A key example of this very fallibility is when philosophers, such as Thomas Aquinas, see the reason why an object falls downwards as an intelligence guiding it, which therefore proves the existence of a divine creator who is God, for example in Aquinas’ 'Five Ways' (Quinque Viae) cosmological arguments which attempt to prove God’s existence. Contrastingly, Hobbes fervently argues that the objects fall downwards due to impersonal physical forces i.e., gravity, which move the object downwards, abiding to the laws of nature and not emotion. “The Schools say, heavy bodies fall downwards, out of an appetite to rest, and to conserve their nature in the place which is most proper to them”; Hobbes asserts that humans
have a tendency to anthropomorphise the physical world and see its entirety in human terms, thus, it is an inherently false proposition.
Hobbes stresses in Leviathan (i. ii) that people get things wrong when they use their imagination, as they fall into a way which feels most natural to imagine. When something first makes an impression on us, we see it due to our senses. “After the object is removed… we still retain an image of the thing seen”; this “decaying sense” is our imagination. Imagination can be both simple (familiar things being imagined) and compound (mashing multiple images together – for example, a human and a horse to make a centaur). Dreams are simply imaginary because the rest of our senses are numbed so we see and hear things that aren’t there. Hobbes gives the example of Marcus Brutus thinking he had a vision because he was unaware that he had been asleep and thus he perceived his imagination to be the truth.

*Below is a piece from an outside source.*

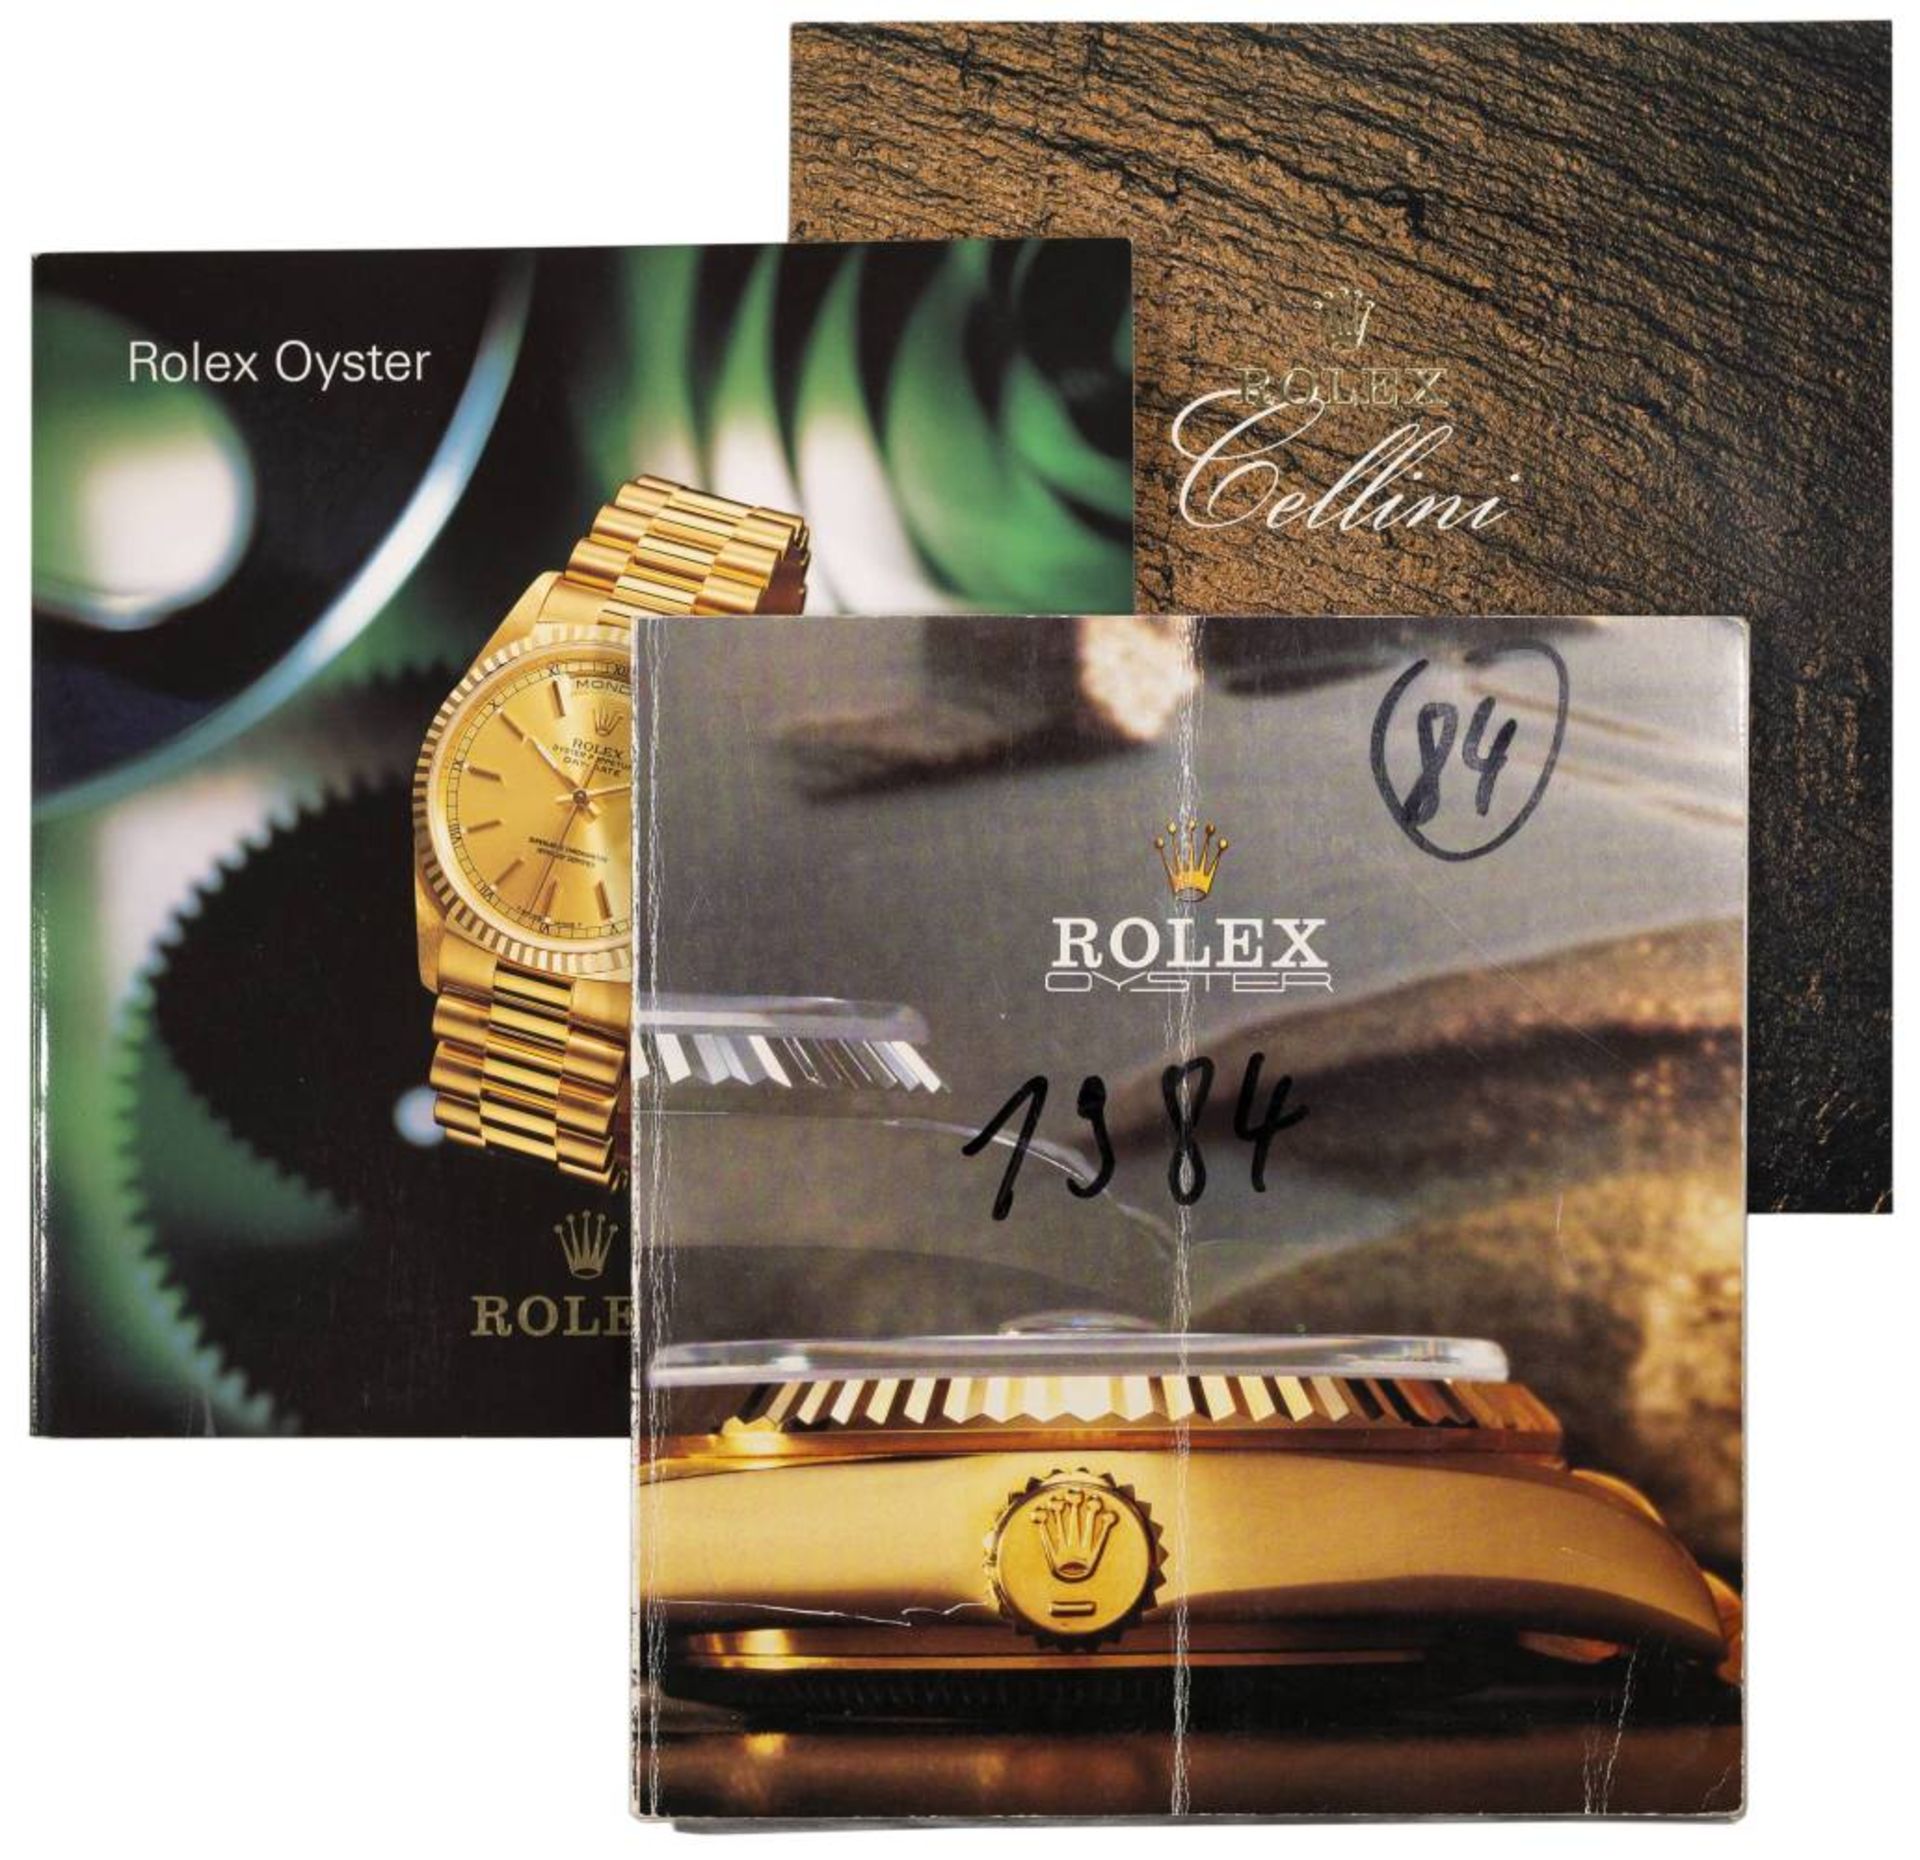 ROLEX - Prospekte und weitere, dabei Rolex-Oyster 1984,1998 und Rolex-Cellini 1998, je inkl. - Image 2 of 4

Carolyn Korsmeyer, a Professor of Philosophy at the University of Buffalo in New York, emphasises in Relativism and Hutcheson's Aesthetic Theory that Hobbes’ framework addresses how artwork achieves its desired effect. Hobbes argues that:
pleasure and “all action is motivated by desire or aversion and that human beings, having both a selfish nature and insatiable appetites, always act in ways calculated to maximise their self-interest.
Thomas Hobbes
He argued that moral justification is focused on those actions which one believes will satisfy their own desires and appetite. “Good” becomes a term which is applied to the objects of our desire or appetite, and “beautiful” is used to
signify the objects which promise the satisfaction of our desires.
Therefore, pleasure emerges from both real and imagined satisfaction of desire. If every person is driven by the overarching goal to maximise their own personal selfinterest, and if the set of objects perceived by a person to be beautiful is a manifestation and a reflection of that very self-interest, each judgment made of
beauty is consequently an expression of individual desires and thus is a
matter of subjectivity (no absolute truths). Hobbes’ reduction of beauty to interest involves relativism (the concept that knowledge, truth, and morality are not absolute and objective and instead exist in relation to cultural, societal, and historical factors) due to the subjective nature of interest.
Instead of beauty mirroring an objective (uninfluenced by opinion) quality in an object, Hobbes believes that beauty only involves the perceiver’s pleasure.
Hobbes appeals to the biological similarity of human beings: being living organisms, humans are in need of many of the same things which they all perceive as ‘beautiful’. The coinciding perception of beauty might not substantially differ in regard to the base necessities to sustain human life and thus this may lead to human’s competitive nature which drives their “selfish, brutish” lives which Hobbes examines in detail in Leviathan.